Friday, September 11, 2015

Mushrooms in the Middle Ages

Students routinely have anxiety dreams about school--not able to find the right classroom, suddenly recalling a big test coming up.  Professors have these dreams too.

In our case, the nightmares are about realizing that we haven't prepared for class, or we've shown up for class seriously underdressed (though fortunately no one has noticed yet), or we can't find the right classroom, or we've been assigned a class we're totally unqualified to teach.

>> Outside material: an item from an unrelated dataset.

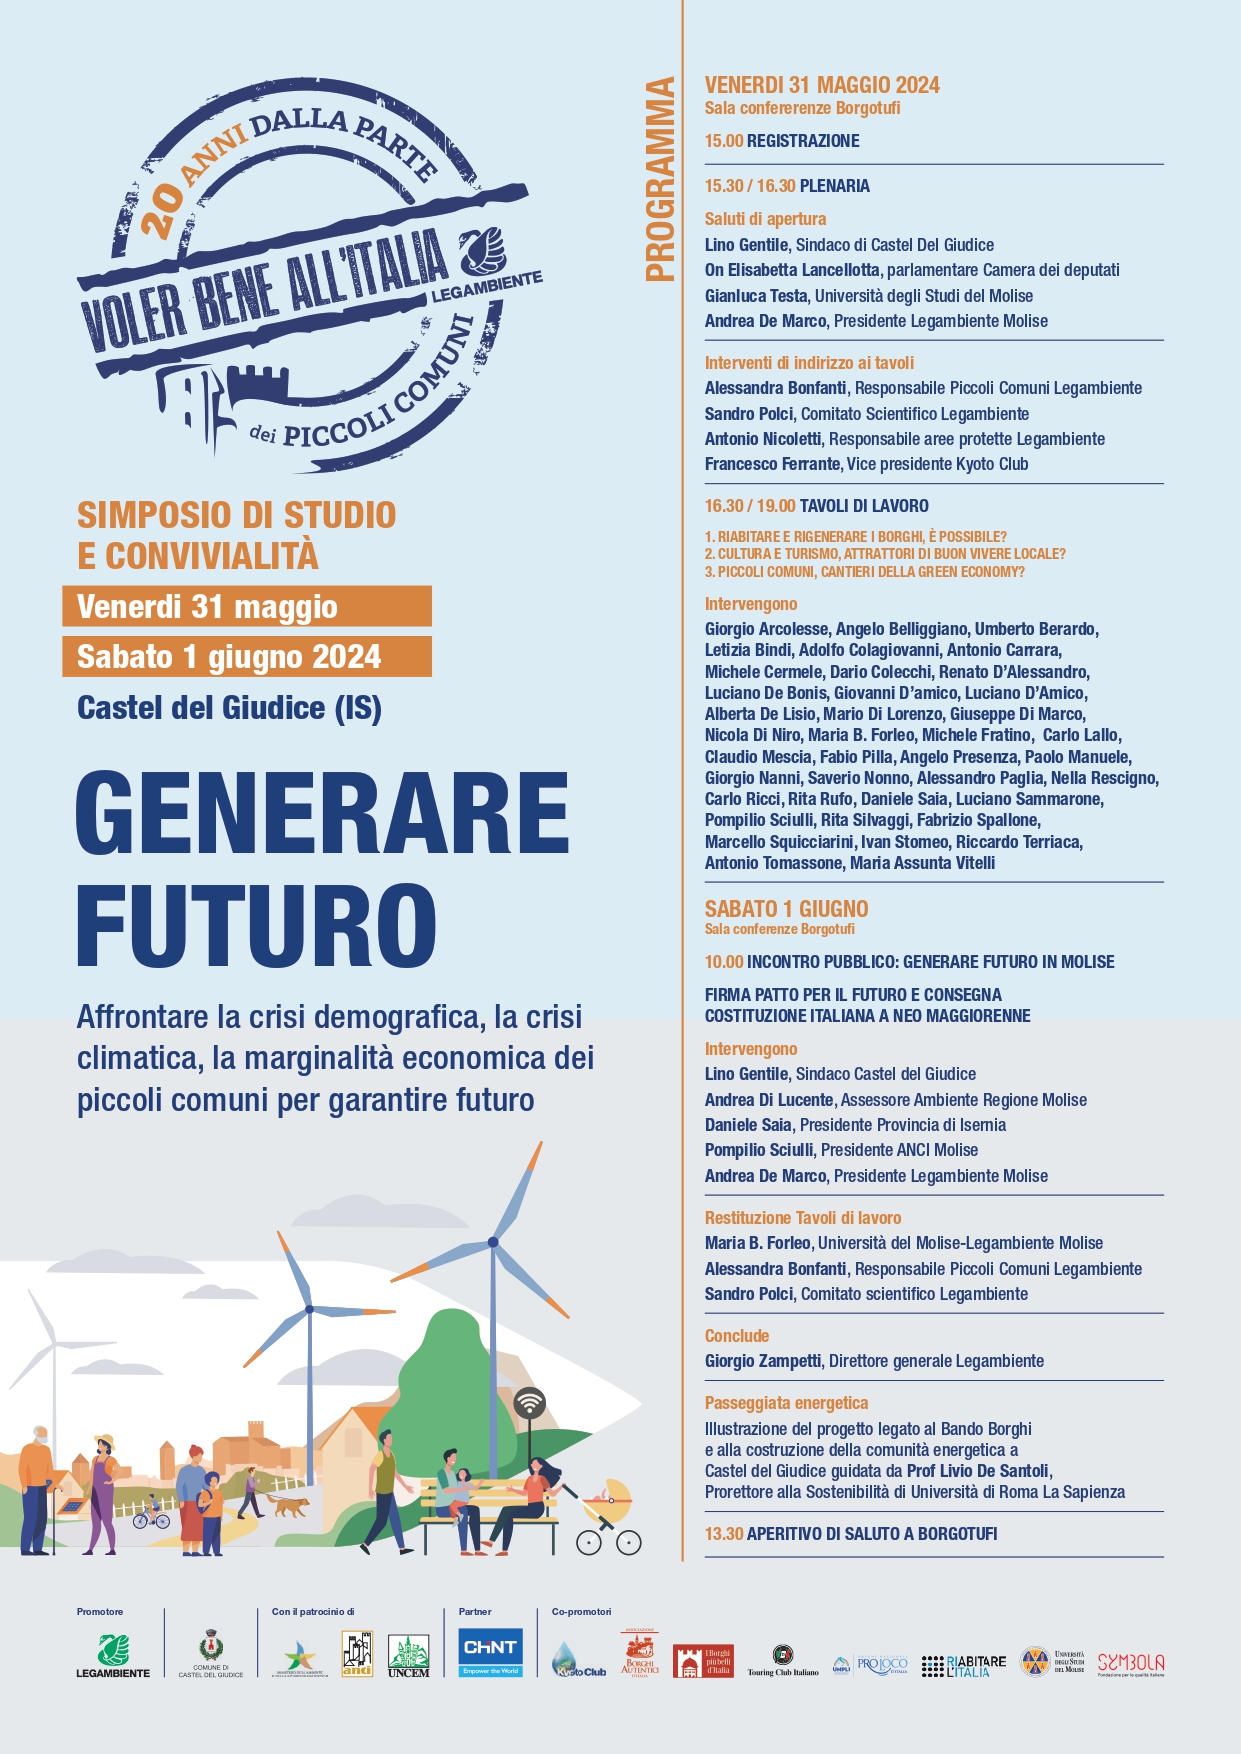  Voler Bene all’Italia, a Castel del Giudice si discute sul futuro sostenibile dei piccoli comuni 
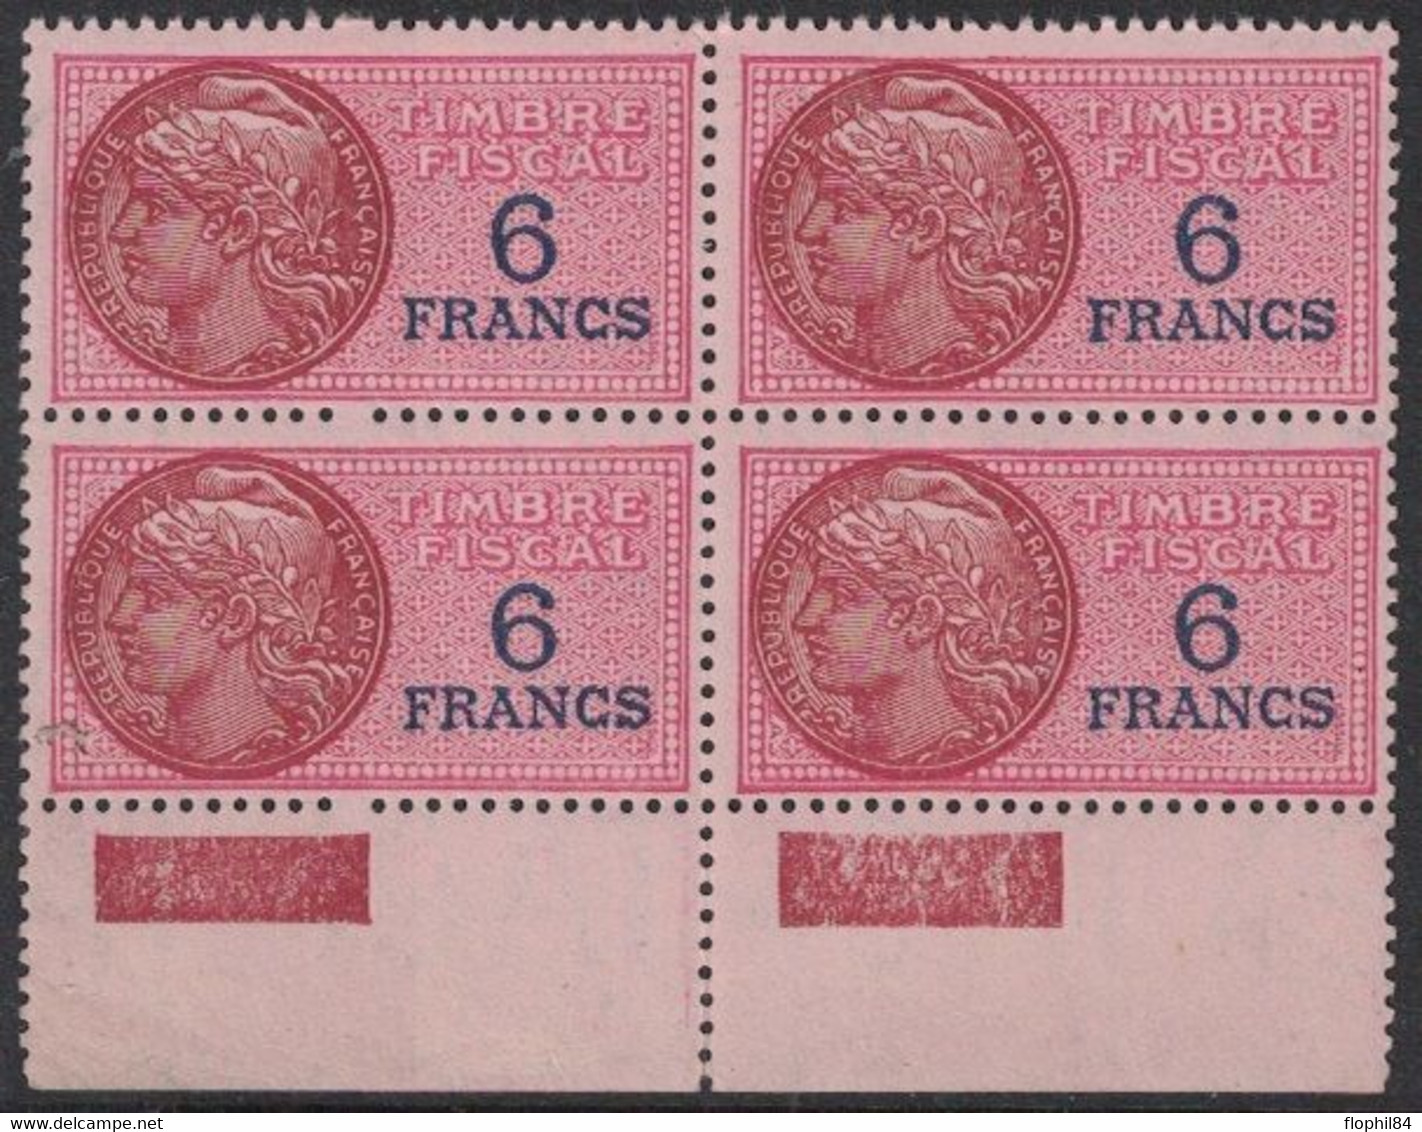 TIMBRE MOBILE - FISCAUX GENERAUX - N°138 - BLOC DE 4 NEUF AVEC GOMME SANS TRACE - COTE 20€ - DONT 1 AVEC DATE D'EMISSION - Stamps

I once dreamed that I discovered, on the first day of school, that the biology department had assigned me to teach a course on the Fungi.  In the dream, I was trying to figure out if I could somehow turn the course into Mushrooms in the Middle Ages.

There actually isn't that much to say--not a whole semester's worth, anyway, certainly not what the biology students would have been expecting.

Medieval people certainly gathered and ate mushrooms.  These were one of the foods they gathered, rather than growing themselves.  (Click here for more on the medieval diet.)  For them, as for us, the key point was making sure one did not gather poisonous mushrooms.



This is and was much easier in Europe than in the US, because Europe has far fewer poisonous species.  As long as one learns, very carefully and thoroughly, which ones to avoid, the rest are fine.  (Though there is a European mushroom that can make you thoroughly drunk after one glass of wine if you eat it with the wine.)  In the US, in contrast, almost everything is poisonous, so one has to carefully and thoroughly learn which species are not.

Truffles, then and now, are a highly prized and highly valuable version of mushrooms (or at least fungi).  They grow underground on the roots of trees, especially beeches and oaks.  Because they are underground, they have to be sniffed out, usually by dogs or pigs.  These animals, of course, want to eat them themselves, which can be a problem.